#### Problem description
Transcribe every line of the material below exactly, leaving out the pictures.

#### The data
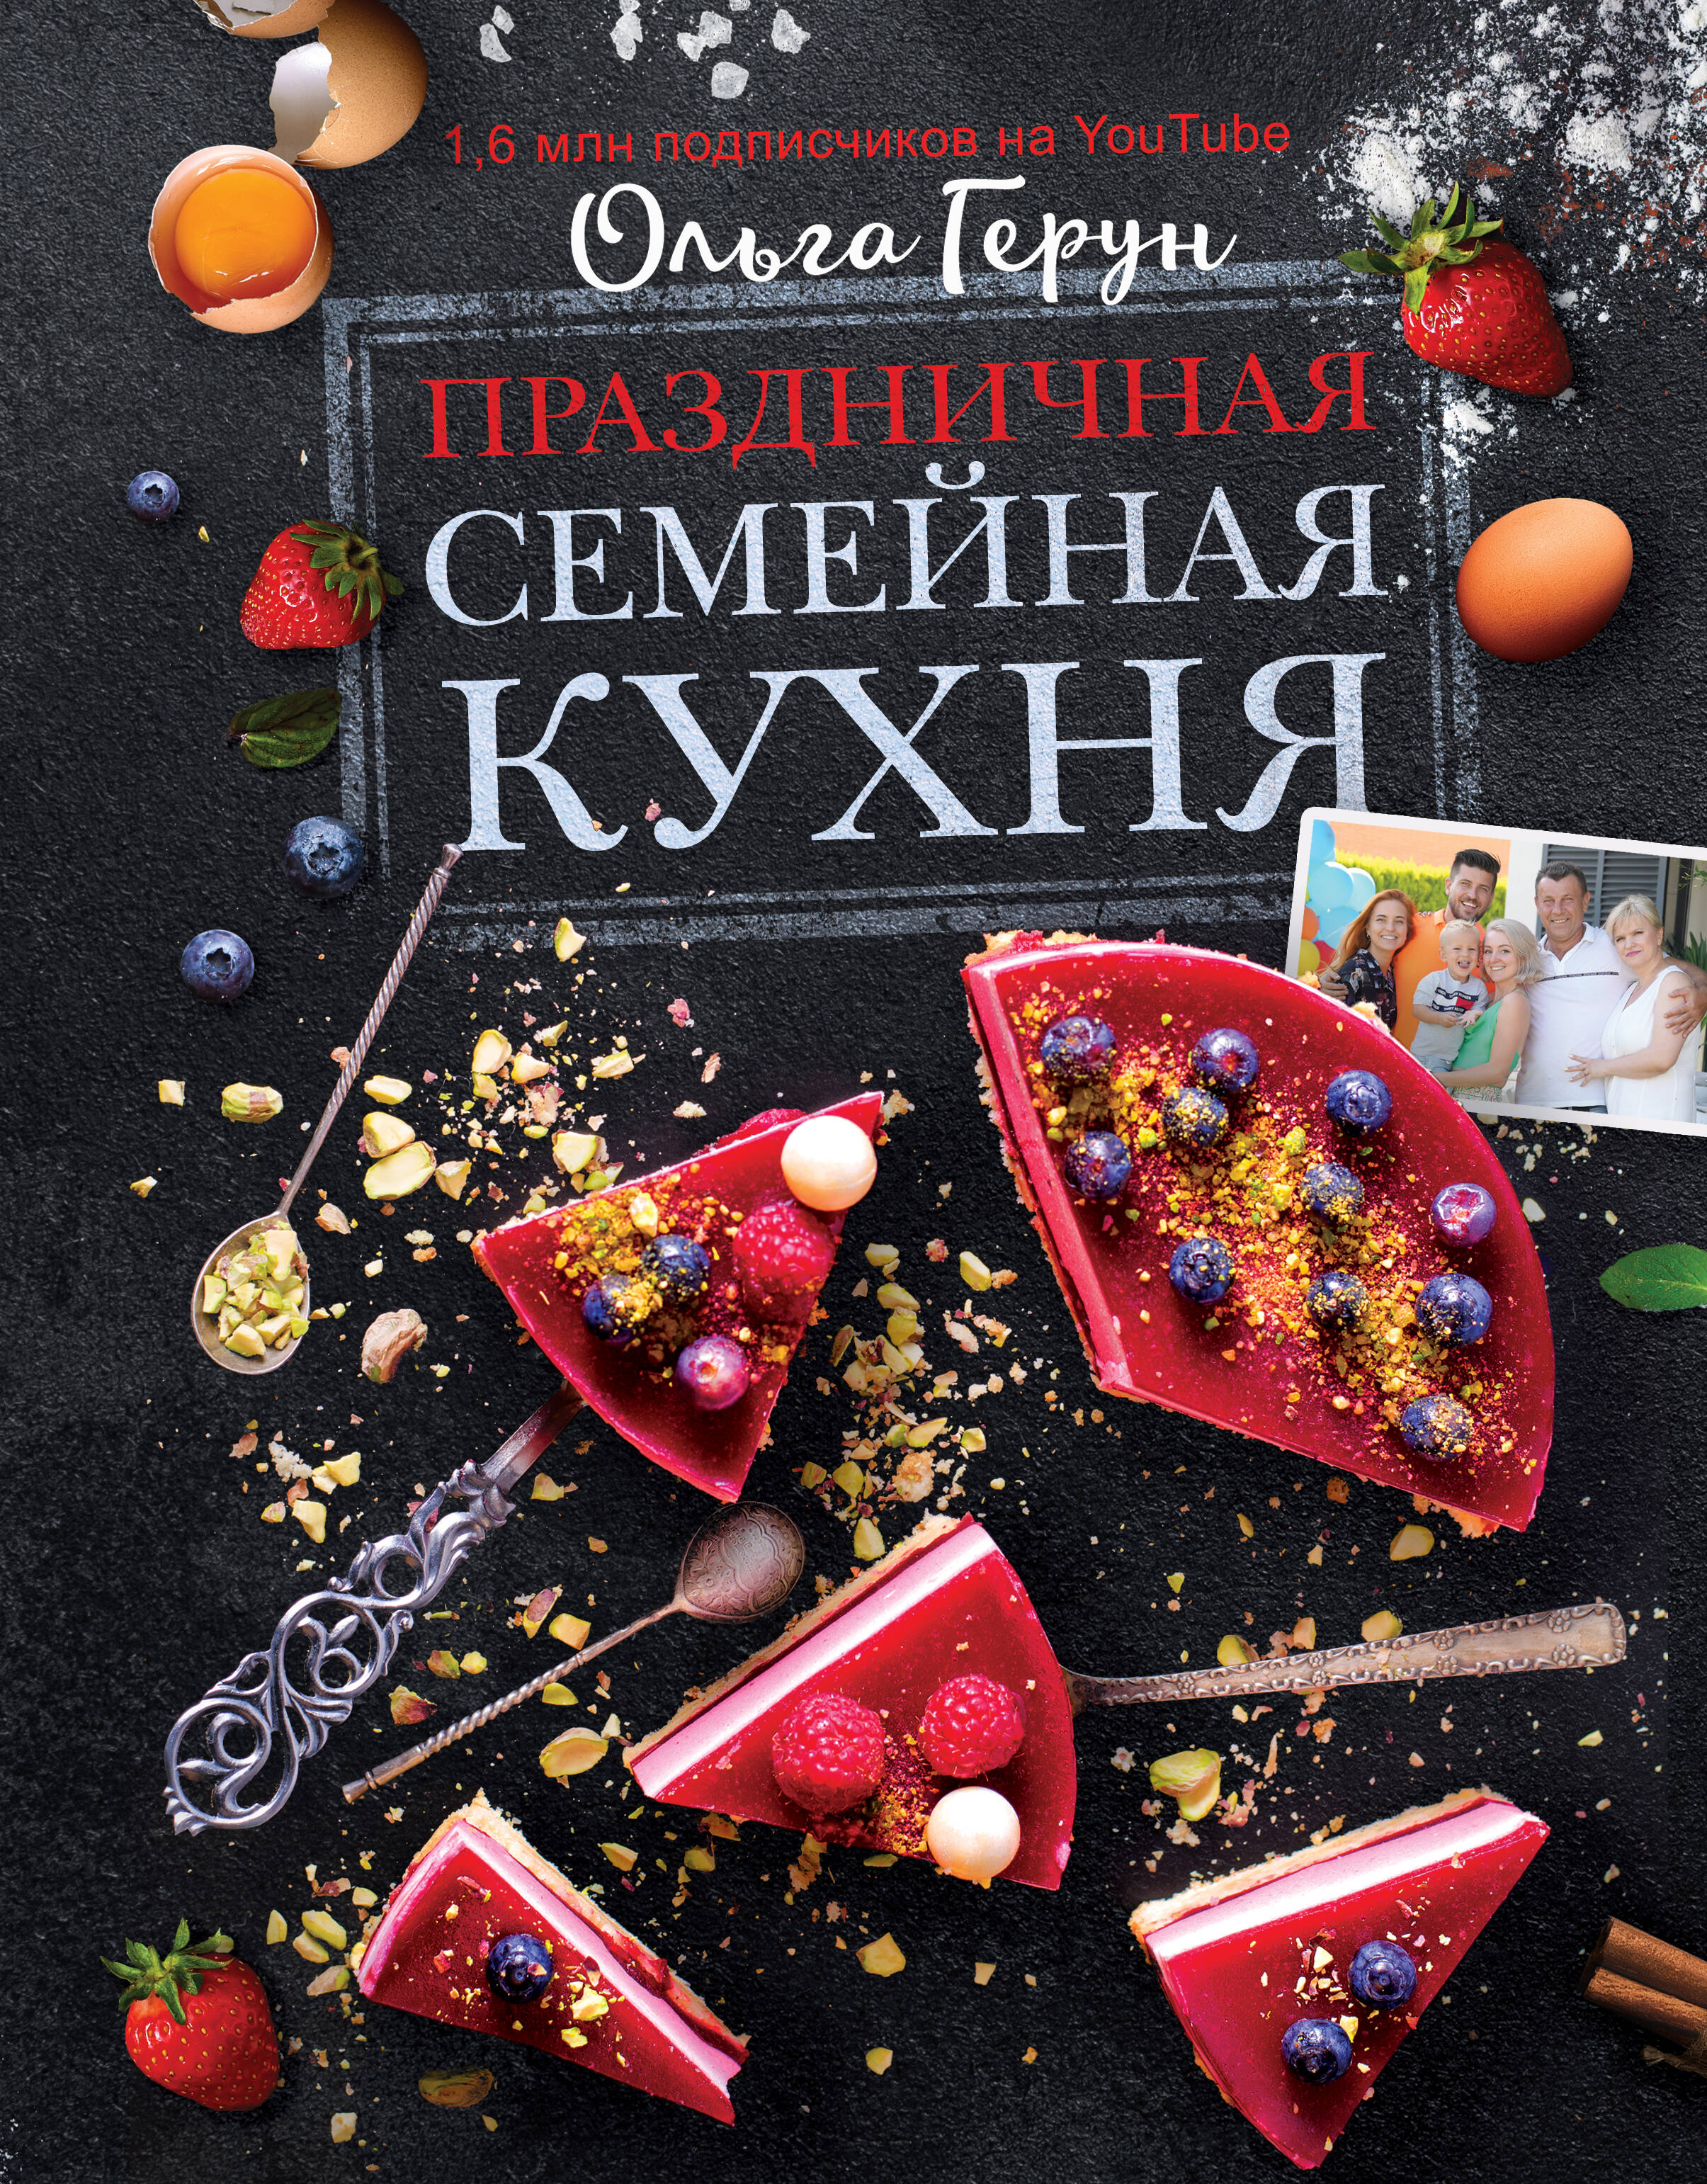 Герун Ольга Праздничная семейная кухня герун ольга васильевна праздничная семейная кухня
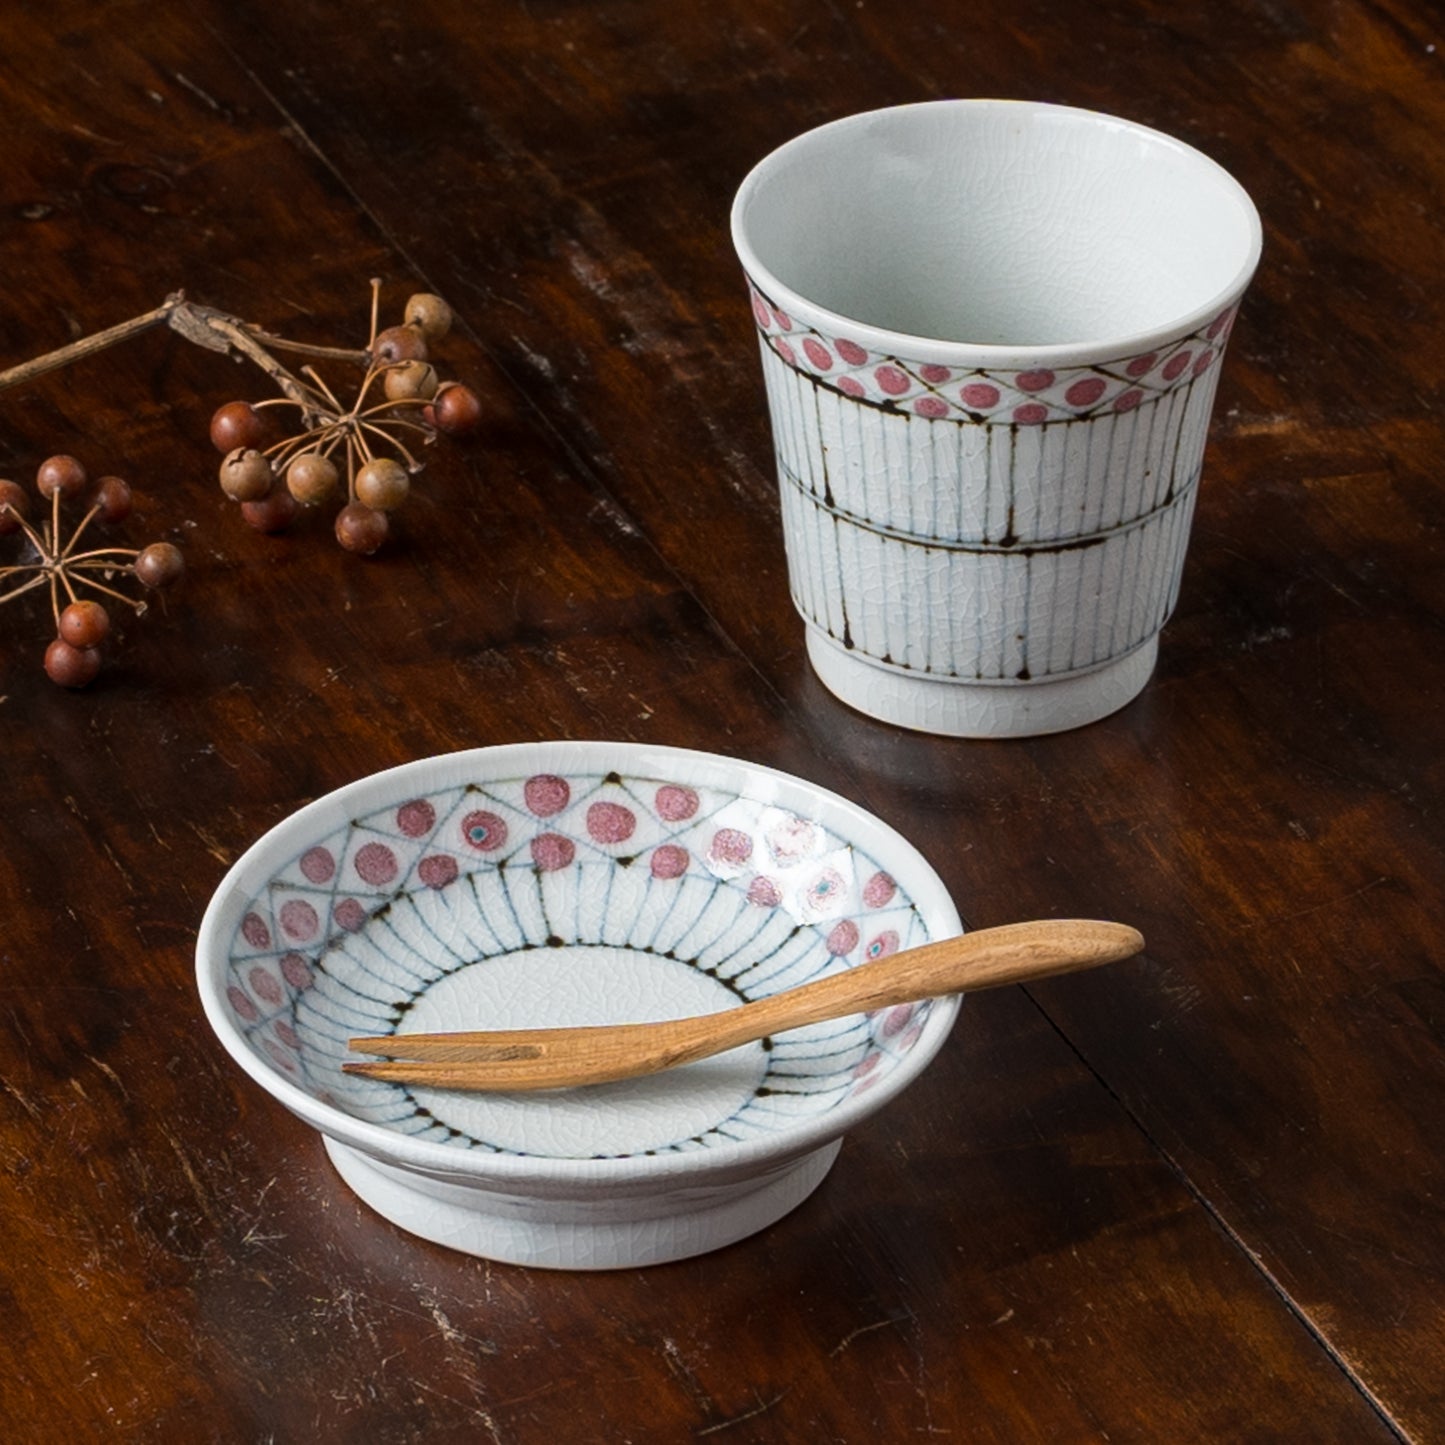 和菓子にぴったり合う砥部焼陶彩窯の花垣文湯吞みと3.5寸皿
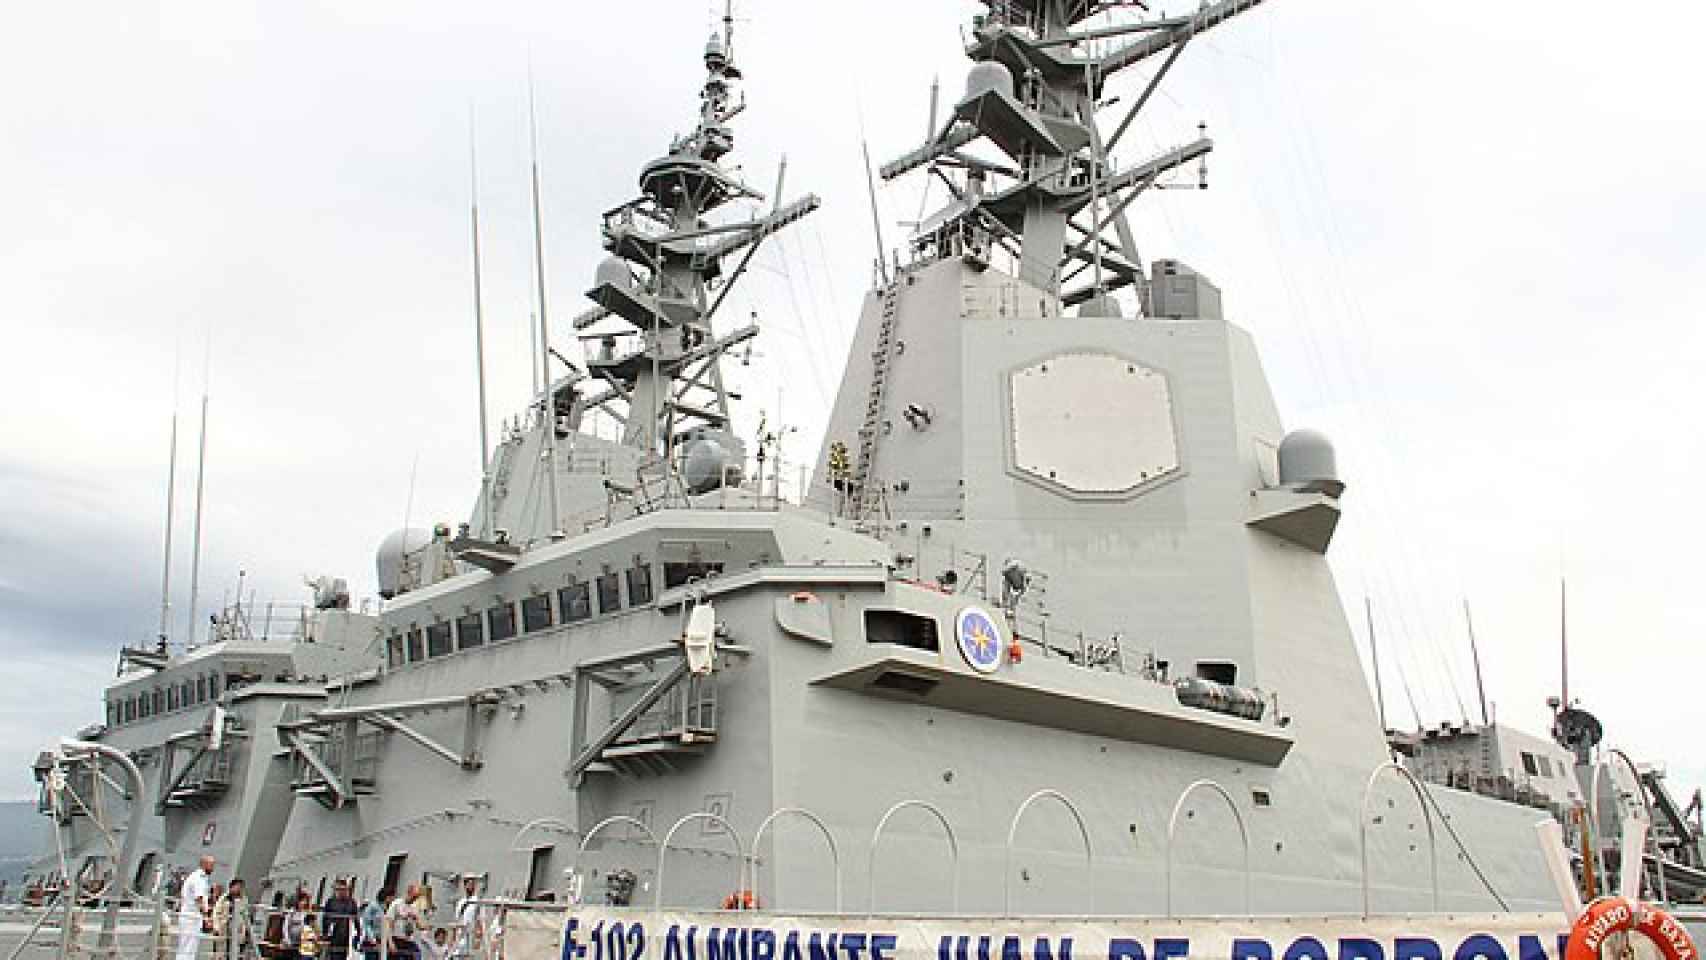 Fragata de la clase F-100 de la Armada Española con el sistema de combate Aegis integrado en su torre principal.

#### Answer to this problem
 Герун Ольга Праздничная семейная кухня герун ольга васильевна праздничная семейная кухня
 和菓子にぴったり合う砥部焼陶彩窯の花垣文湯吞みと3.5寸皿
 Fragata de la clase F-100 de la Armada Española con el sistema de combate Aegis integrado en su torre principal.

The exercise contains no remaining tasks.